The Metabolism of Ayahuasca’s Primary Alkaloid Harmine

Introduction

Harmine, a naturally occurring alkaloid found in several plant species, but most notably the Ayahuasca vine (banisteriopsis caapi), has gained attention for its potential therapeutic effects. Understanding the intricate processes of harmine’s action in the body, from binding to the active site of monoamine oxidase-A (MAO-A) to its metabolism and excretion, sheds light on its pharmacological properties. This article aims to provide a detailed exploration of harmine’s journey within the body, including it’s potential to create oxidative stress, and it’s opposing role as a potential antioxidant.

Binding to MAO-A

Harmine exerts its known effects by acting as a reversible inhibitor of MAO-A, an enzyme responsible for the breakdown of neurotransmitters like serotonin.
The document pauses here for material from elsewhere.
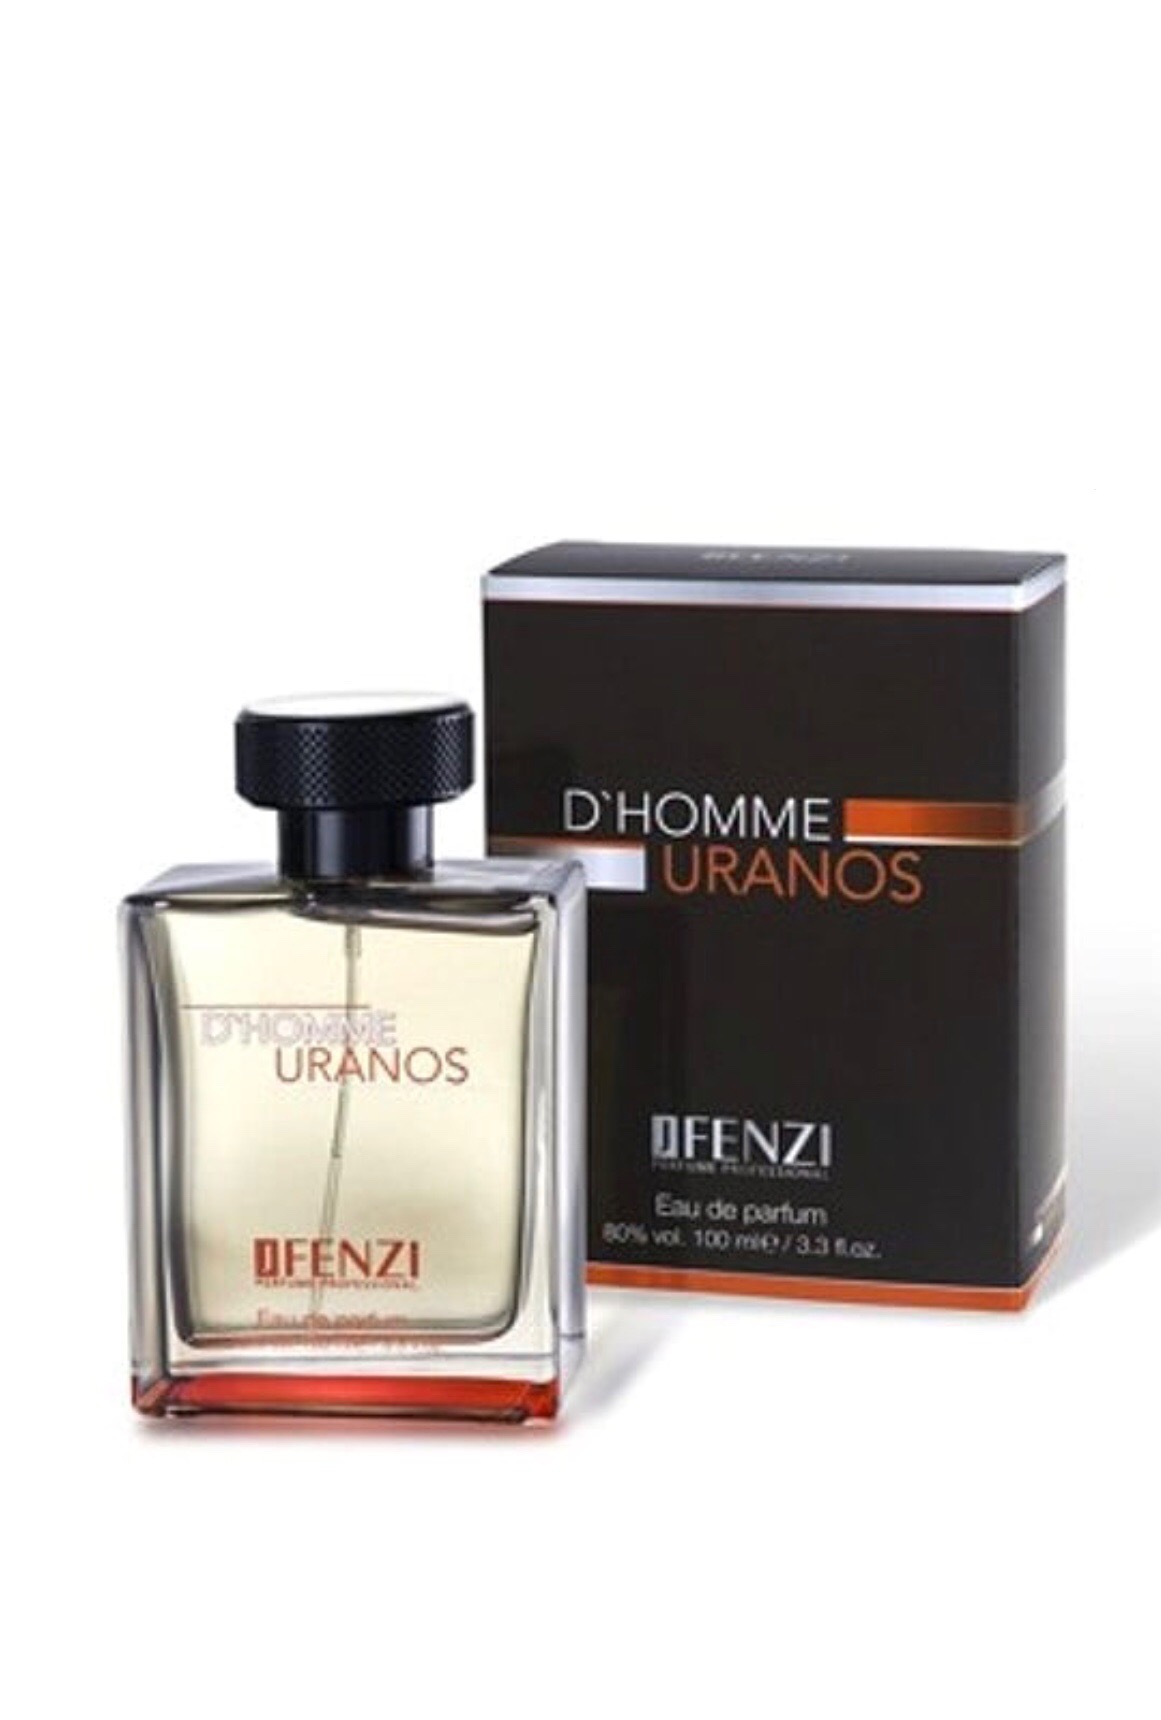 D’homme Uranos eau de parfum for men 100ml By Jfenzi – ANA

However, very little is known about other effects harmine exerts within the body, particularly as it comes to mineral binding and regulation.

When harmine enters the body, it first acts on the MAO-A enzyme in the digestive tract before being absorbed through the intestine. Once in circulation, it crosses the blood-brain barrier and selectively binds to the active site of MAO-A. The “active site” of an enzyme is the place where the chemical reaction takes place. When harmine binds to the active site of MAO-A it prevents the breakdown of key neurotransmitters, including DMT.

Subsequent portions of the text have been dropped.